The practical activity of the Jews, their business interests, and
their consequent wealth did not stifle intellectual ideals. On
the contrary, thanks to the security assured them, they could
devote themselves to study. Their rich literature proves they
could occupy themselves at the same time with mental and material
pursuits. "For a people to produce scholars, it is necessary
that it be composed of something other than hard-hearted usurers
and sordid business men. The literary output is a thorough test
of social conditions."[5] Moreover, the intellectual status of a
people always bears relation to its material and economic
condition, and so, where the Jews enjoyed most liberty and
happiness, their literature has been richest and most brilliant.

From an intellectual point of view the Jews resembled the people
among whom they lived. Like them, they were pious, even extremely
devout; and they counted few unbelievers among their number.

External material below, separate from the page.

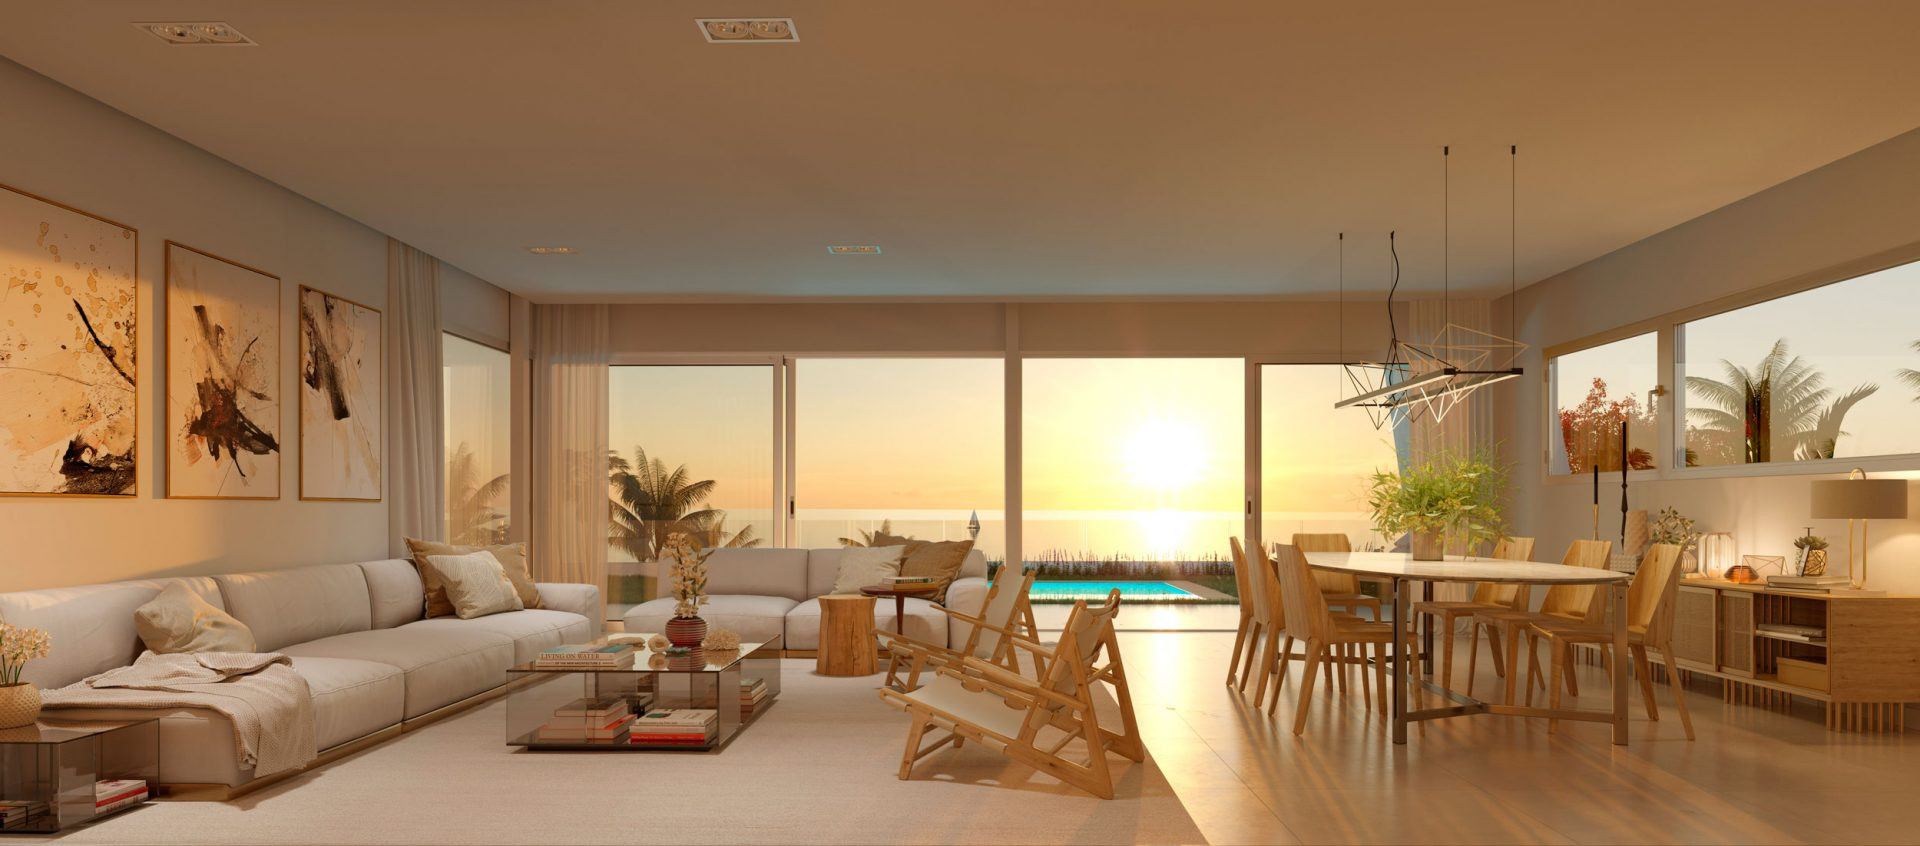 Exclusive 3-bedroom semi-detached house with avant-garde design and impressive sea views in Mijas Costa. | Image 8
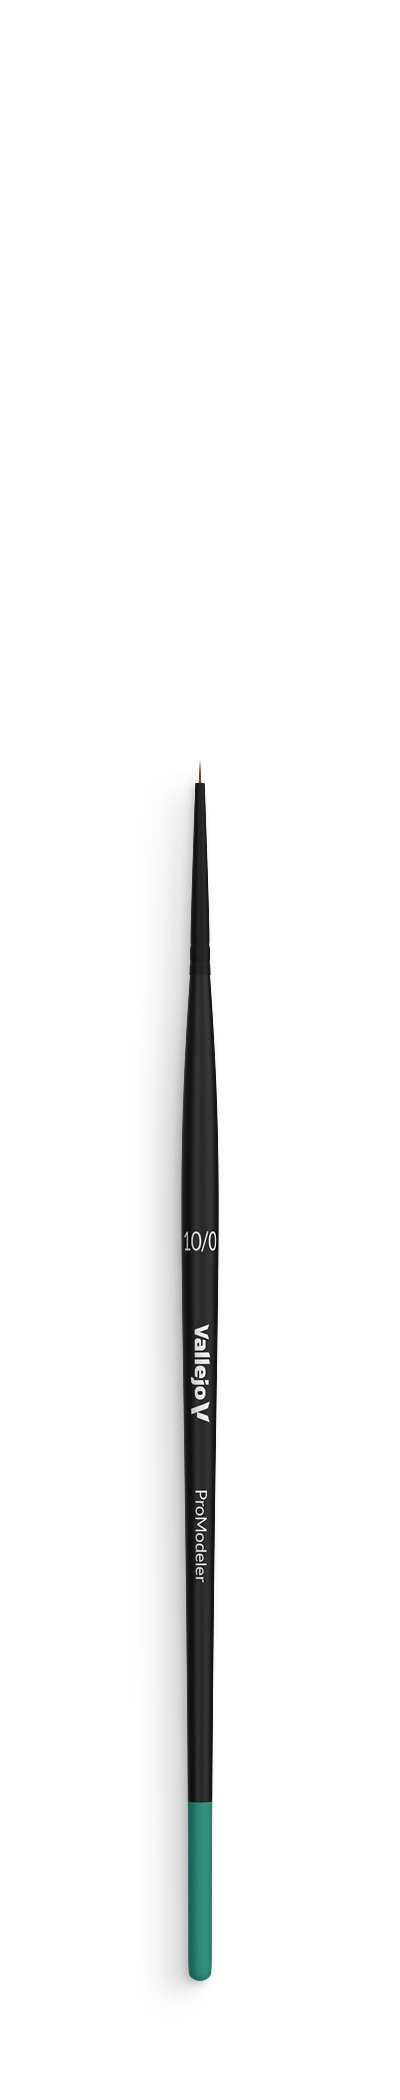 B01100 - Pro Modeler - NATURAL HAIR - ROUND BRUSH NO. 10/0 - Vallejo Pro Modeler

Sometimes it happened that a religious person failed to obey
precepts, but no one contested the foundations of belief. In the
matter of religion, it is true, outward observance was guarded
above everything else. The Jews, settled as they were on foreign
soil, came to attach themselves to ceremonials as the surest
guarantees of their faith. Naturally superstitions prevailed at
an epoch marked by a total lack of scientific spirit. People
believed in the existence of men without shadows, in evil demons,
and so on. The Jews, however, were less inclined to such
conceptions than the Christians, who in every district had places
of pilgrimage at which they adored spurious bones and relics.